• Exercise details: Everything from the line containing "Japanese Beetles" through the line containing "Bureau du gouvernement" in the listing below should be copied exactly, and nothing more.

• Entries provided:
Segment Open

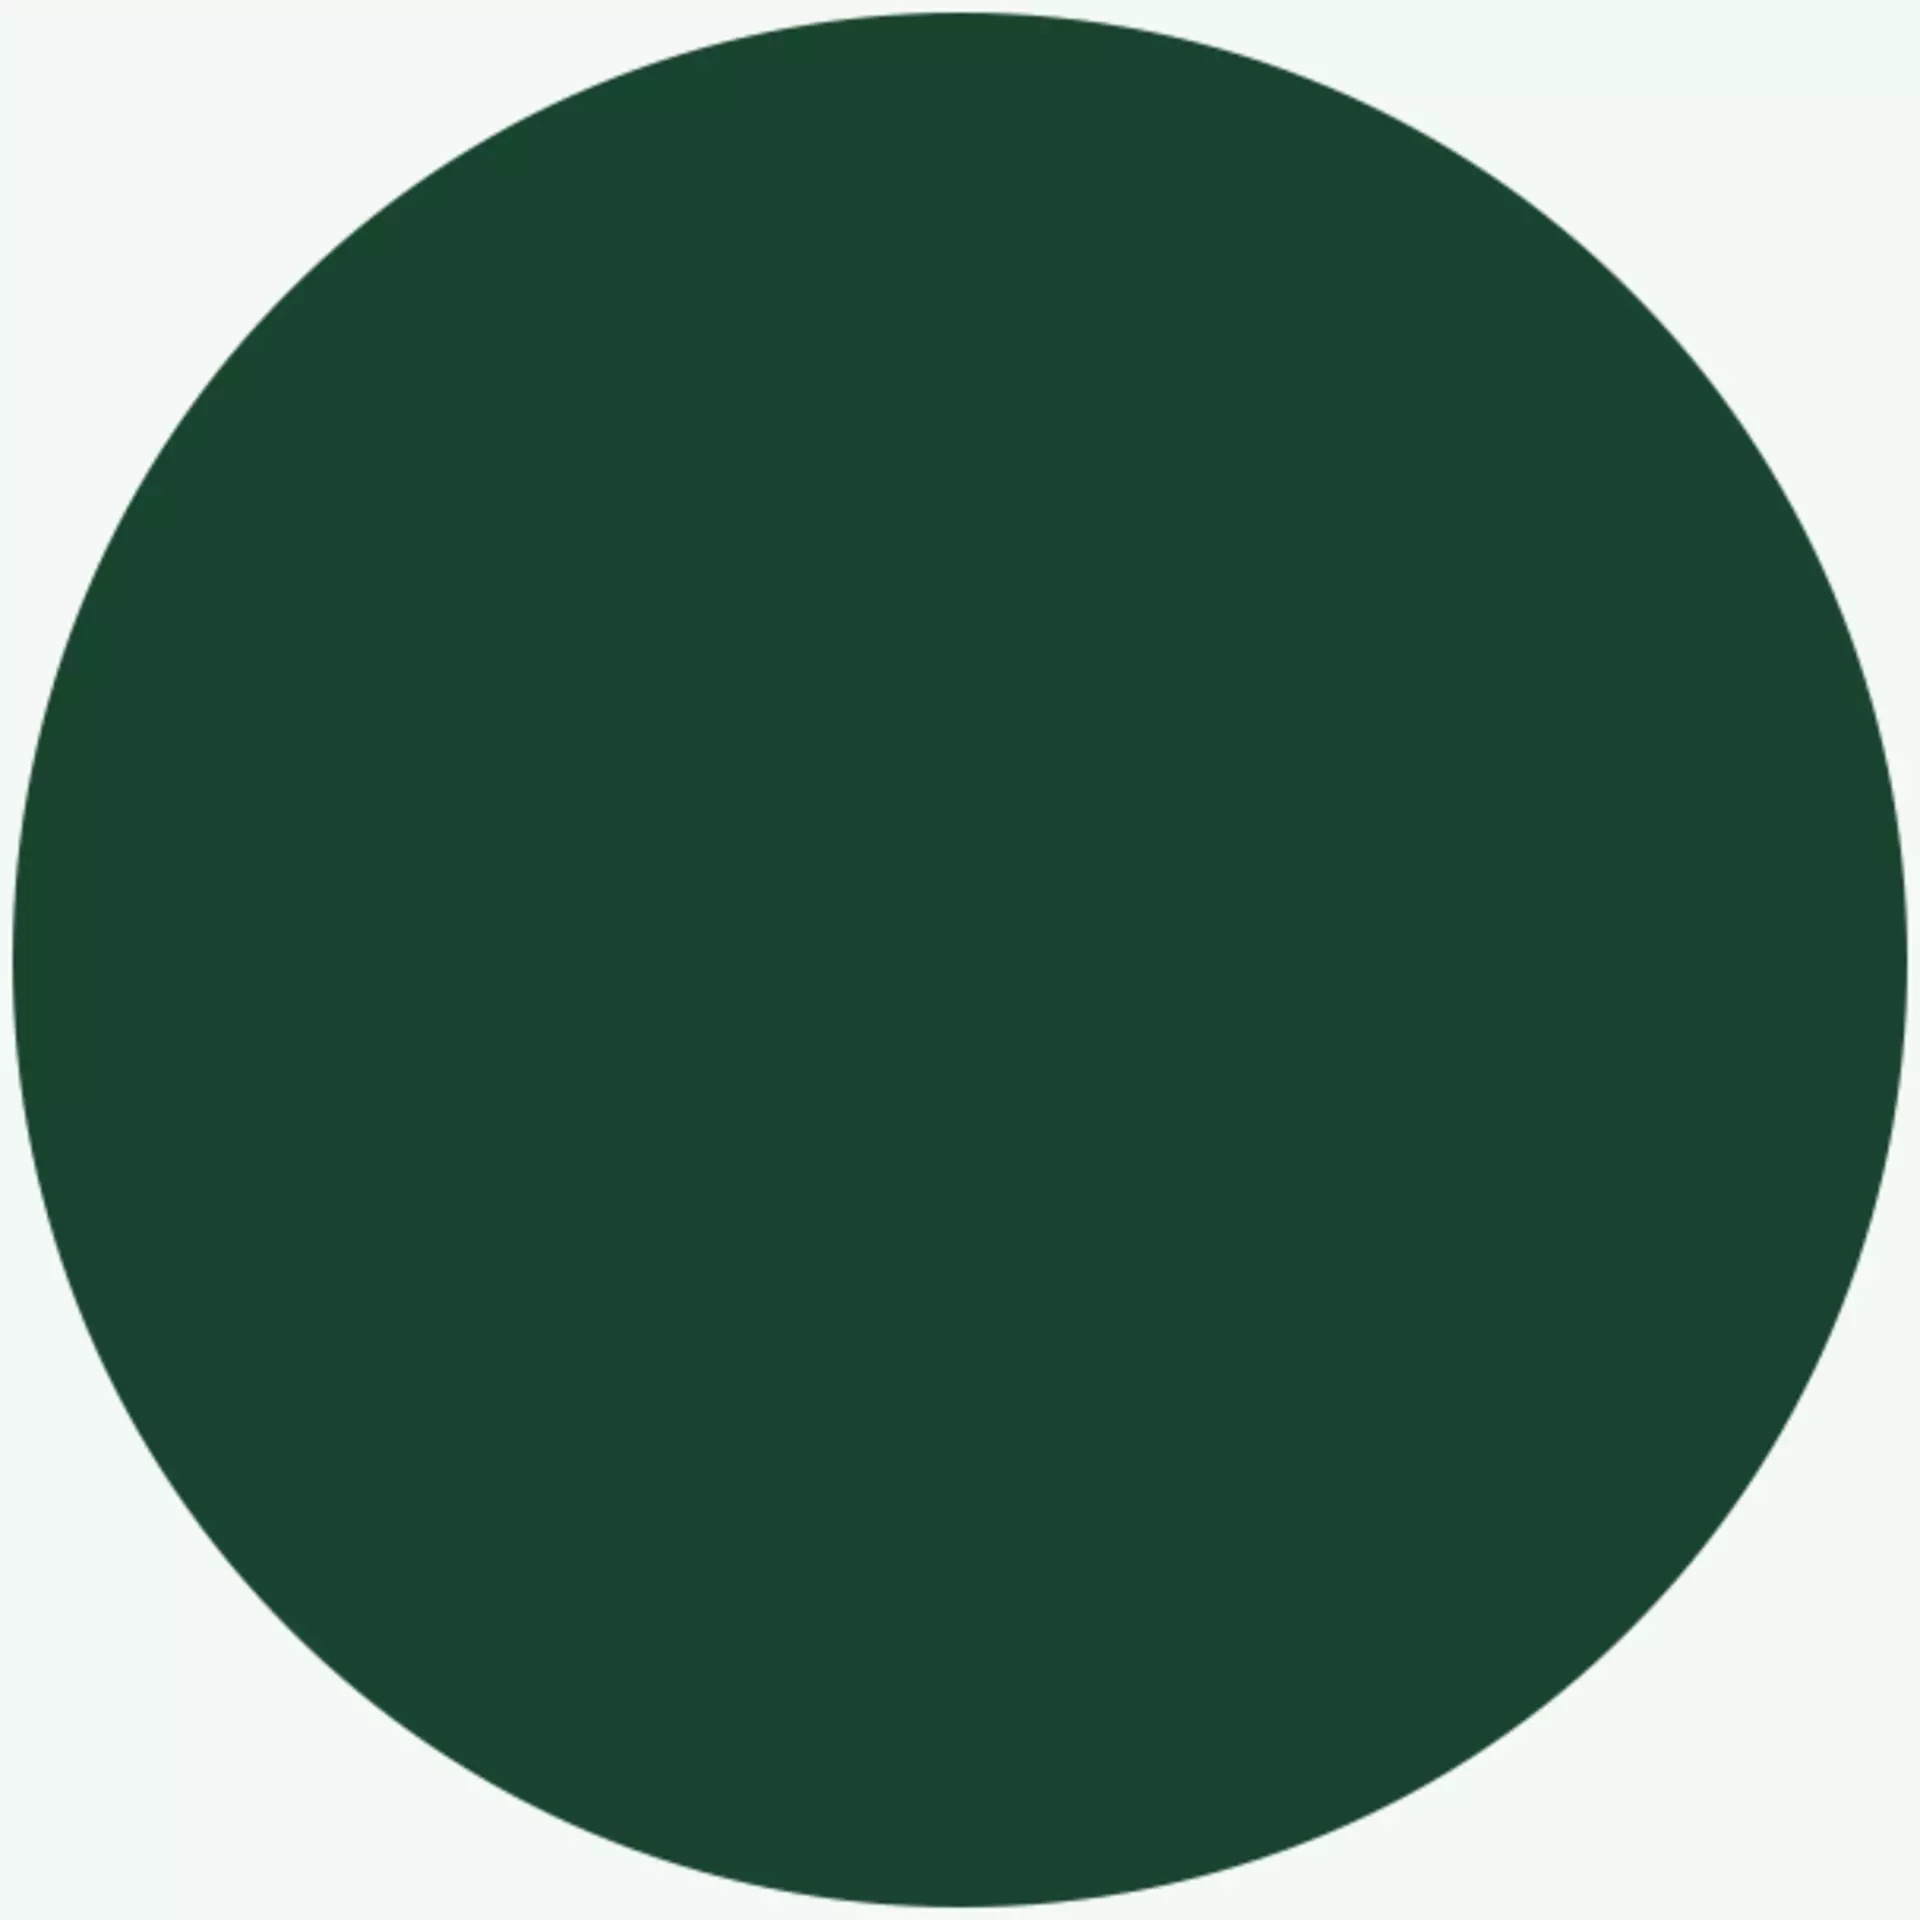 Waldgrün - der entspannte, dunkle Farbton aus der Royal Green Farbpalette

Segment Closed
Segment Open

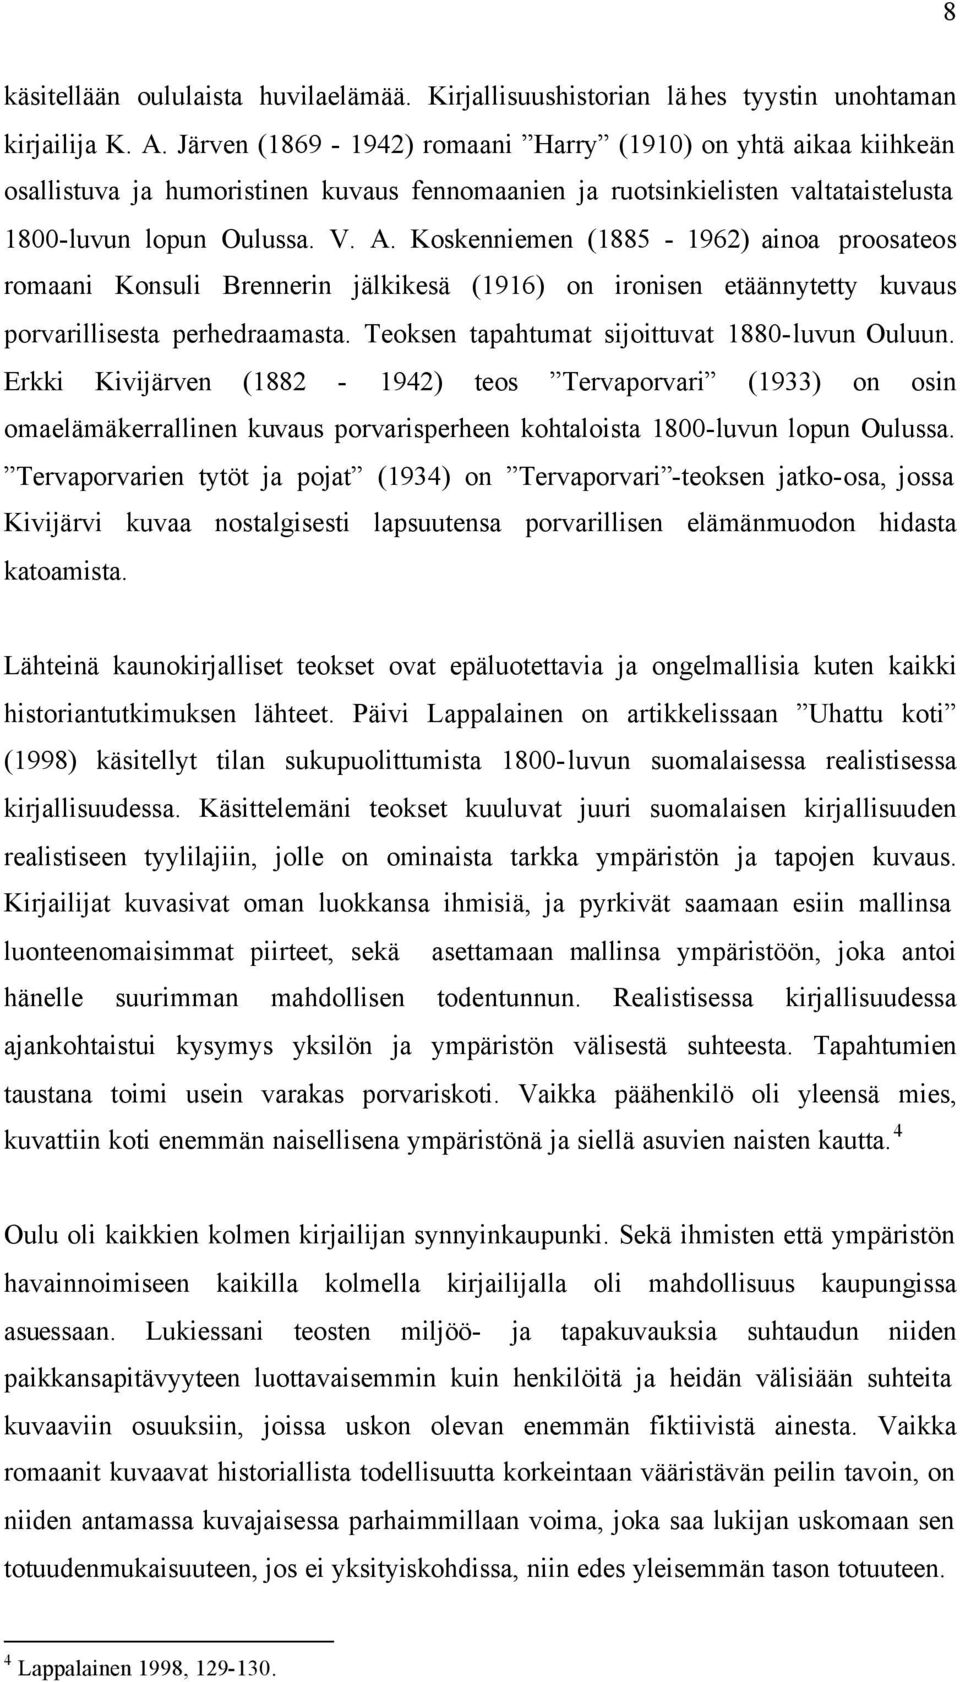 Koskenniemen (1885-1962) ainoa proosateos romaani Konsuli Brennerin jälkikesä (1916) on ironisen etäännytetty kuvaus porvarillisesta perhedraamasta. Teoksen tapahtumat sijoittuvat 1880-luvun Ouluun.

Segment Closed
Segment Open

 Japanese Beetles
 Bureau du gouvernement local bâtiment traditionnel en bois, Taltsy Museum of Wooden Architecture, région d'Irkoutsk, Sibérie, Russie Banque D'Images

Segment Closed

• Final answer:
 Japanese Beetles
 Bureau du gouvernement local bâtiment traditionnel en bois, Taltsy Museum of Wooden Architecture, région d'Irkoutsk, Sibérie, Russie Banque D'Images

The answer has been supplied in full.